The `/kyoko-instrument` skill finds your agent's entry point, records one real
run, and verifies it shows up in Kyoko. You can also point telemetry at Kyoko by
hand with the Python or TypeScript SDK, a generated adapter, or an importer. See
[Getting Started](docs/GETTING_STARTED.md) for the full walkthrough.

## What you get

- **Run capture:** Python SDK, TypeScript SDK, generated source adapters,
  OTLP/GenAI JSON, Hermes import, and OpenClaw import.
- **Issue queue:** recurring failures grouped into evidence-backed issues with
  category, severity, occurrence count, and span links.
- **Fix proposals:** accepted issues become validated `LearningProposal`
  records for context, skills, evals, or harness changes.
- **Verification:** bounded replay, deterministic checks, and eval comparison
  before a fix can apply.
- **Operator path:** Codex, Claude, OpenClaw, Hermes, or a generic command can
  analyze evidence and draft fixes through existing CLI auth.
- **Control surfaces:** local dashboard, JSON-everywhere CLI, and stdio MCP
  server, all sharing the same gated apply path.
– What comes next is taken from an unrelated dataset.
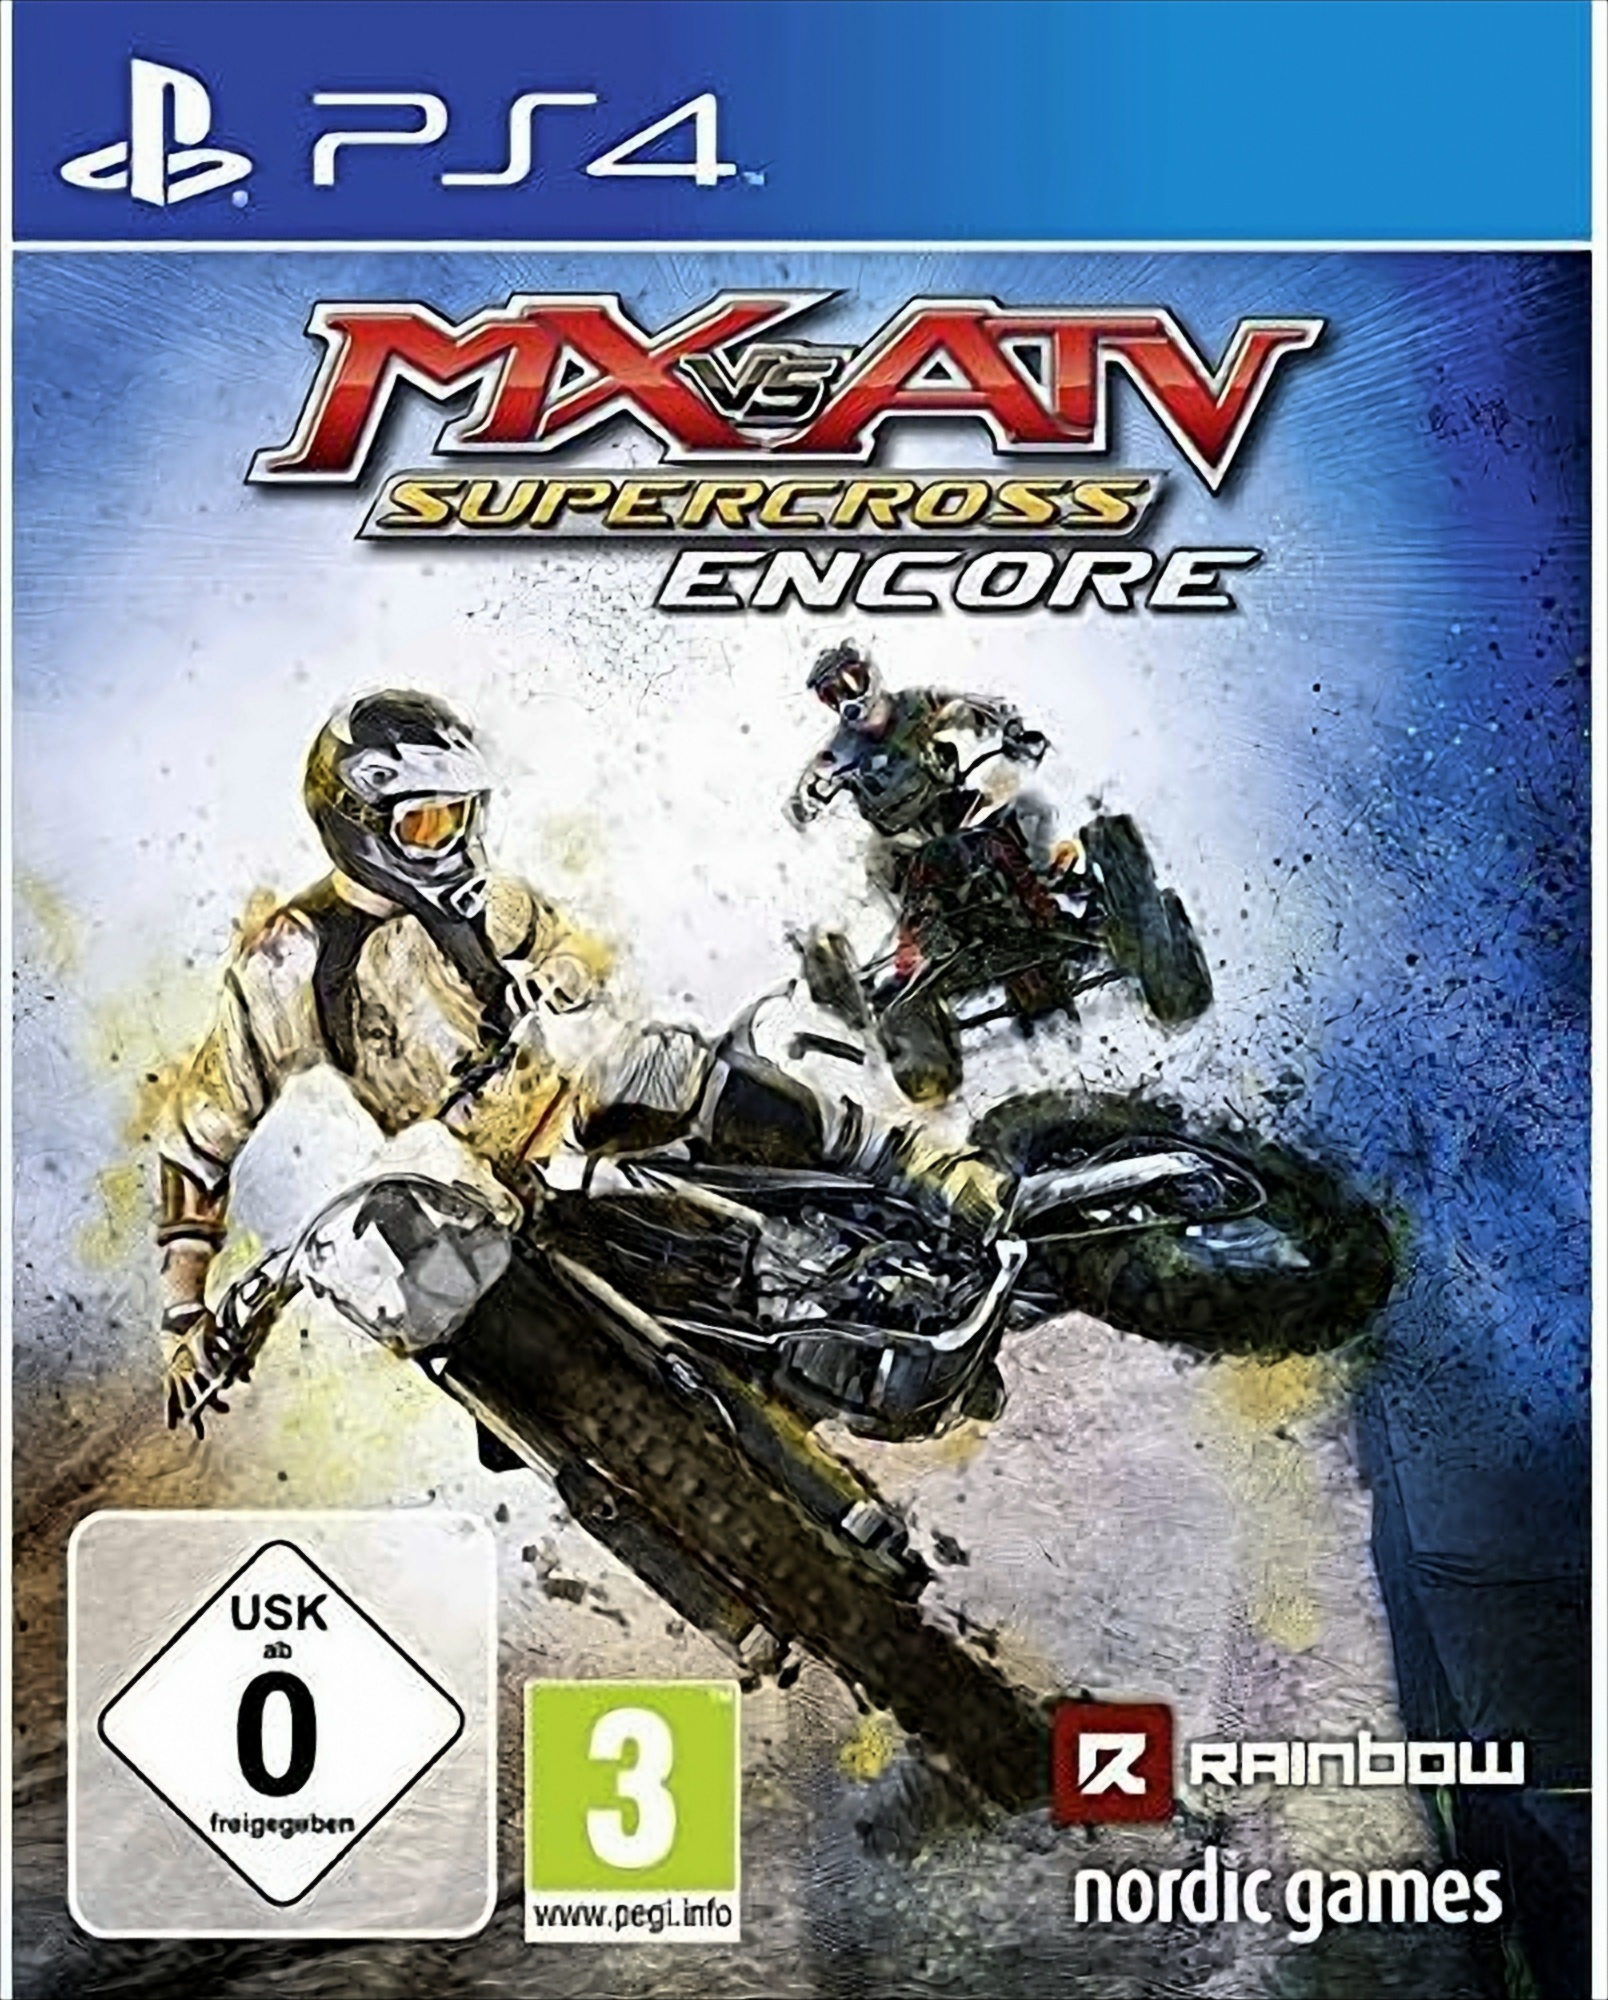 - Encore Supercross Edition - vs. 4] MX ATV [PlayStation

| Area | Supported paths |
| --- | --- |
| Source telemetry | Python SDK, TypeScript SDK, generated source adapters, OTLP/GenAI JSON, Hermes import, OpenClaw import |
| Replay | External replay commands, managed HTTP replay servers, generated replay scaffolds |
| Operator agents | Codex, Claude Code, OpenClaw, Hermes, generic command adapters, local presets |
| Agent clients | Dashboard, JSON CLI, stdio MCP server |
| Framework scaffolds | Generic Python/TypeScript, LangGraph, Pydantic AI, OpenAI Agents, CrewAI, Hermes, OpenClaw, AI SDK |

See [docs/INTEGRATIONS.md](docs/INTEGRATIONS.md) and
[examples/README.md](examples/README.md).

## The gate and local boundary

Every behavior-changing path (operator output, imports, MCP tools, and
`kyoko improve`) flows through one gate:

1. Validate the structured proposal.
2. Resolve the evidence it references.
3. Generate or select checks.
4. Run bounded replay and deterministic checks.
5. Evaluate the autonomy policy.
6. Enforce human locks on protected targets.
7. Apply context or harness changes **only** if the gate allows it.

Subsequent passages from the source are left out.